I found the section on cryo-EM particularly enlightening, both because it demonstrates the potential for discovery of conformational heterogeneity from such data by qFit, and because it clearly explains the hurdles towards this becoming common practice, including lack of uniformity in reporting resolution, and differences in map and solvent treatment.
Weaknesses
The authors begin the results section by claiming that they made "substantial improvement" relative to the previous iteration of qFit, "both algorithmically (e.g., scoring is improved by BIC, sampling of B factors is now included) and computationally (improving the efficiency and reliability of the code)" (bottom of page 3). However, the paper does not provide a comparison to previous iterations of the software or quantitation of the effects of these specific improvements, such as whether scoring is improved by the BIC, how the application of BIC has changed since the previous paper, whether sampling of B factors helps, and whether the code faster. It would help the reader to understand what, if any, the significance of each of these improvements was.

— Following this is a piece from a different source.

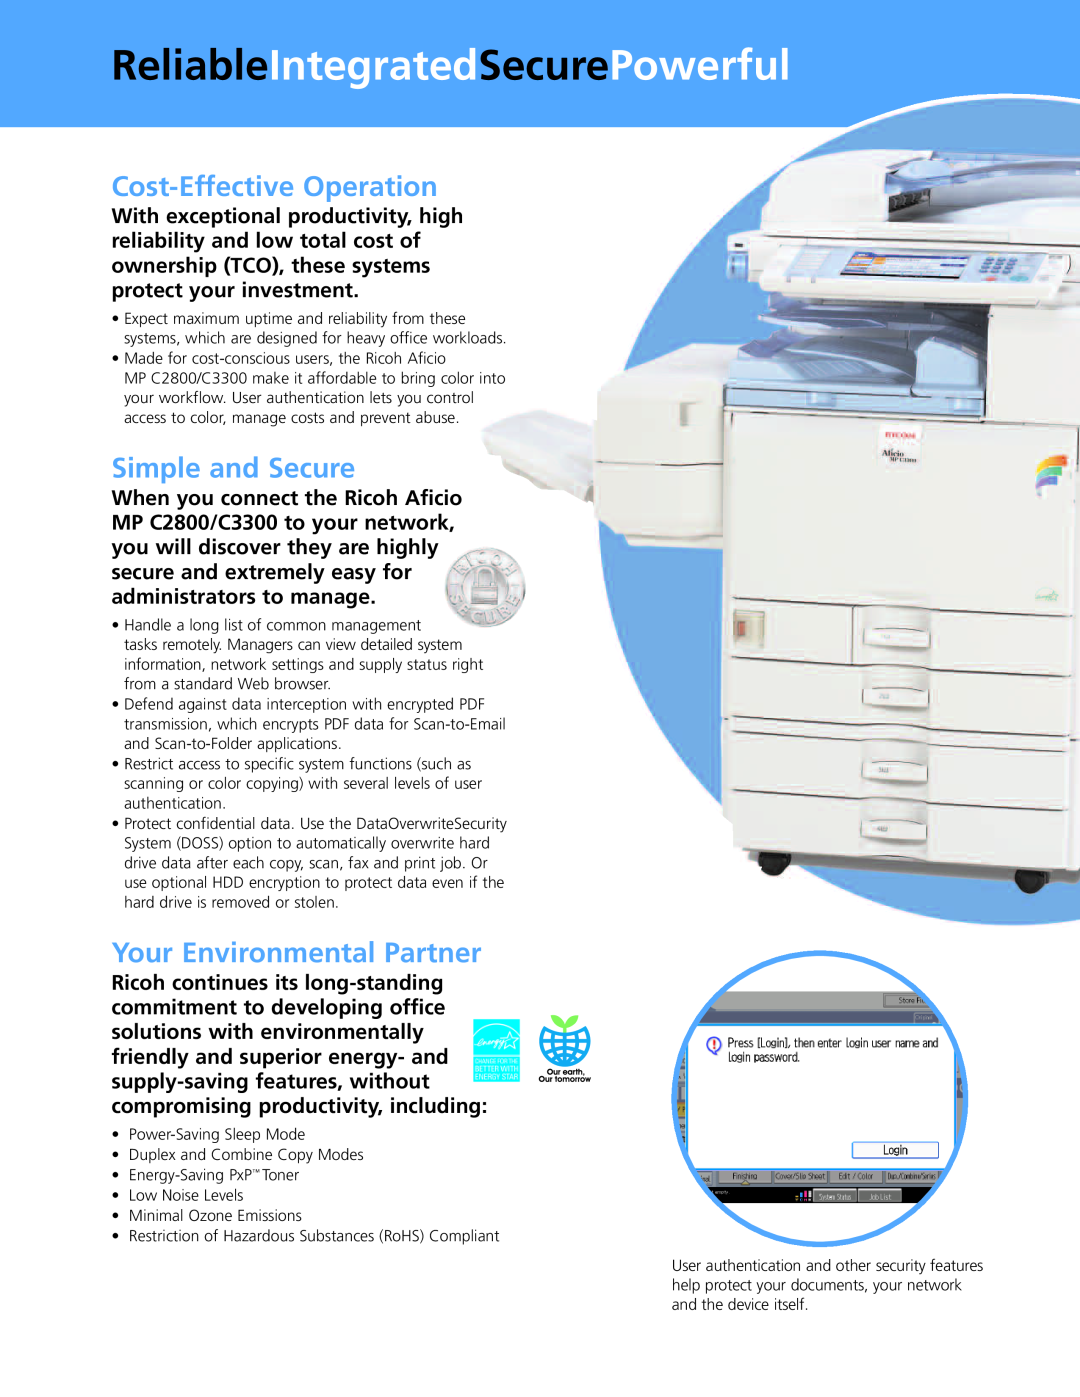 Ricoh MP C2800 ReliableIntegratedSecurePowerful, Cost-Effective Operation, Simple and Secure, Your Environmental Partner

Indeed, it is difficult (embarrassingly) to benchmark against our past work due to the dependencies on different python packages and the lack of software engineering. With the infrastructure we’ve laid down with this paper, made possible by an EOSS grant from CZI, that will not be a problem going forward. Not only is the code more reliable and standardized, but we have developed several scientific test sets that can be used as a basis for broad comparisons to judge whether improvements are substantial. We’ve also changed with “substantial improvement” to “several modifications” to indicate the lack of comparison to past versions.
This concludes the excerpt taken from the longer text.